Aaditya, learning about Sagar and Antara's Diu trip, calls Sagar to his office to warn him to stay away from Antara. Aaditya proposes marriage to Antara but she doesn't immediately respond. Sagar calls her on her radio line to say that, without her, his life has become monotonous and he misses her. Antara ignores Sagar's calls and messages and agrees to marry Aditya. Sagar learns of this and goes to Antara's office, but her boss Krishna tells Sagar to stay away from Antara and avoid hurting her more. Because Antara refuses to respond to Sagar's calls and messages, he sends her a letter asking whom she remembers the most when she gets up in the morning, when drinking coffee and when listening to songs online.

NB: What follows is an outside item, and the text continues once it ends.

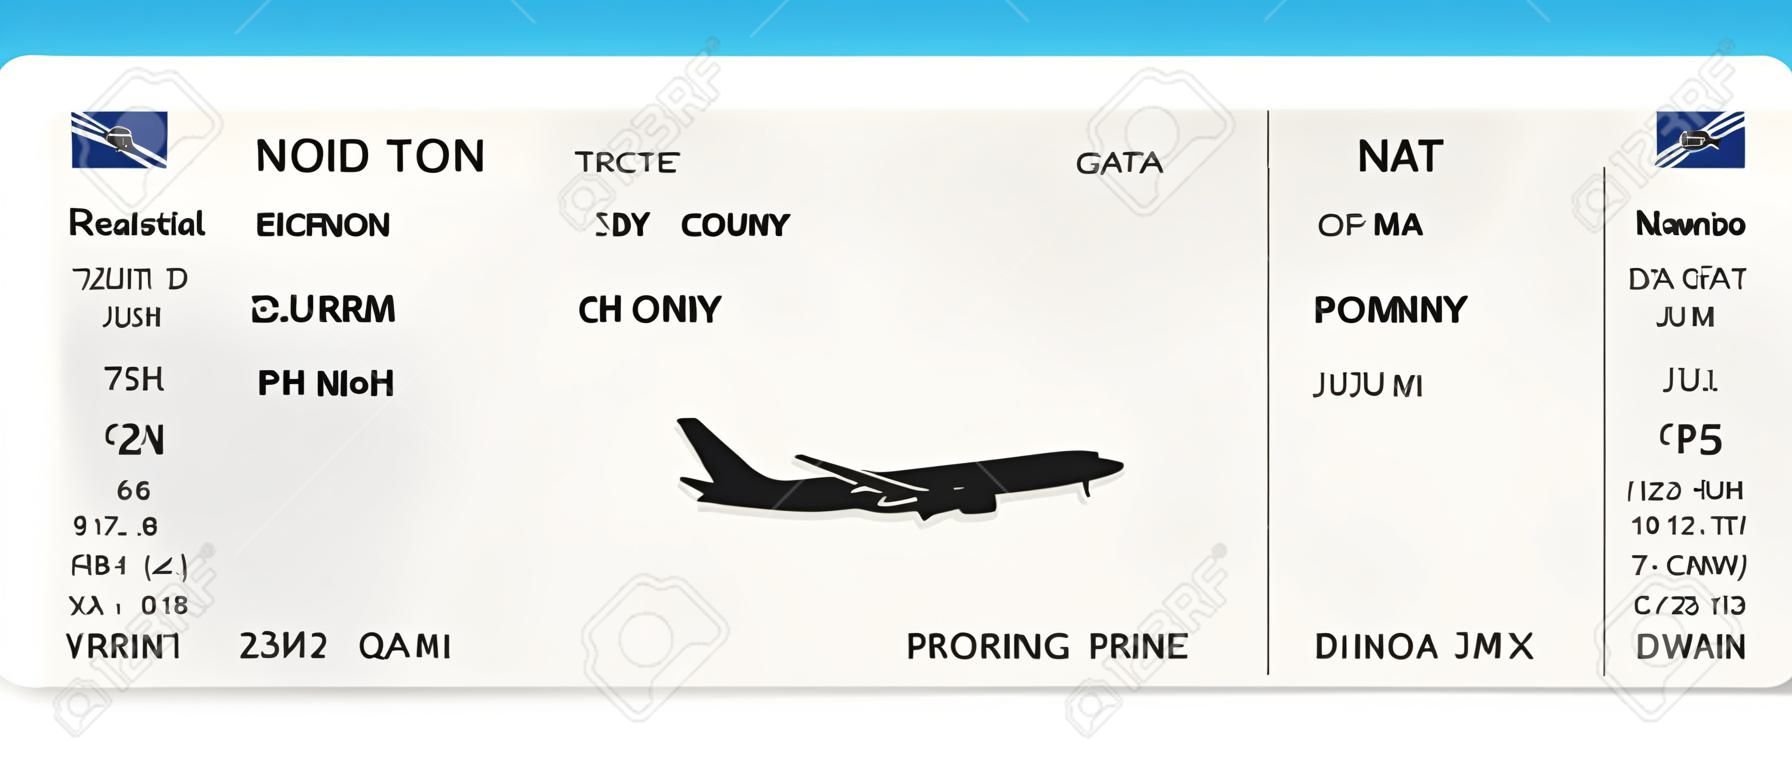 実物ではないフライト時間と乗客名を持つブルーのリアルな航空券または搭乗券の設計。搭乗券のパターンのベクトルイラスト

Sagar's friend tells him that his boss is planning to post all the trip pictures in the newspaper on her wedding day to defame Antara. This makes Sagar tense, but he somehow manages to delete all the pictures from the boss' laptop with the help of his friend and snatches the pen-drive with the backup, and throws it into the lake. Aaditya happens to read Sagar's letter at Antara's home and realizes that she is not happy with the marriage proposal. Despite his questions, Antara chooses to stay quiet and wants to marry Aaditya. During the marriage ceremony, Aaditya meets Antara and asks her to say the truth about whom she really thinks of in her mind. When she cannot answer, he tells her that his aim was to see her happy, whether with him or with anyone else. They leave the wedding ceremony and return to her radio station where she asks the city to help find Sagar.

Antara gets help from a tea vendor where Sagar is sitting. Antara arrives and proposes to Sagar, saying that she wants to forget her earlier anger and wants to start a new relationship with him, which Sagar happily accepts. Then, Sagar thanks Aaditya for such a huge sacrifice of his life.

== Cast ==
- Pratik Gandhi as Aaditya Shah
- Aarohi Patel as RJ Antara
- Malhar Thakar as Sagar Desai
- Aarti Patel
- Diana Raval
- Roopa Divatia
- Nisarg Trivedi
- Ghanashyam Nayak as Tea Seller

==Soundtrack==
The soundtrack was composed by the Bollywood composer duo Sachin–Jigar. "Vhalam Aavo Ne" was presented as a lead soundtrack for the album. There are mainly four soundtracks presented with the other three being variations of the main tracks.

| # | Title | Singer(s) | Length | Lyrics | Notes |
|---|---|---|---|---|---|
| 1 | Vhalam Aavo Ne | Jigardan Gadhavi | 05:19 | Niren Bhatt | Original version |
| 2 | Vhalam Aavo Ne – Sad(Female) | Aishwarya Majmudar | 02:24 | Niren Bhatt | Female sad version |
| 3 | Vhalam Aavo Ne – Sad(Male) | Jigardan Gadhavi | 01:44 | Niren Bhatt | Male sad version |
| 4 | Dhun Laagi | Siddharth Amit Bhavsar | 04:34 | Niren Bhatt | Original version |
| 5 | Dhun Laagi – Sad | Siddharth Amit Bhavsar | 01:47 | Niren Bhatt | Male sad version |
| 6 | Athdaya Karu Chhu | Punit Gandhi, Smita Nair Jain | 03:58 | Niren Bhatt | Only duet from album |
| 7 | I Love You Re Mari Savaar | Jonita Gandhi | 03:09 | Niren Bhatt | - |

==Reception==
The film achieved critical and commercial success and ran for more than 100 days in the theatres.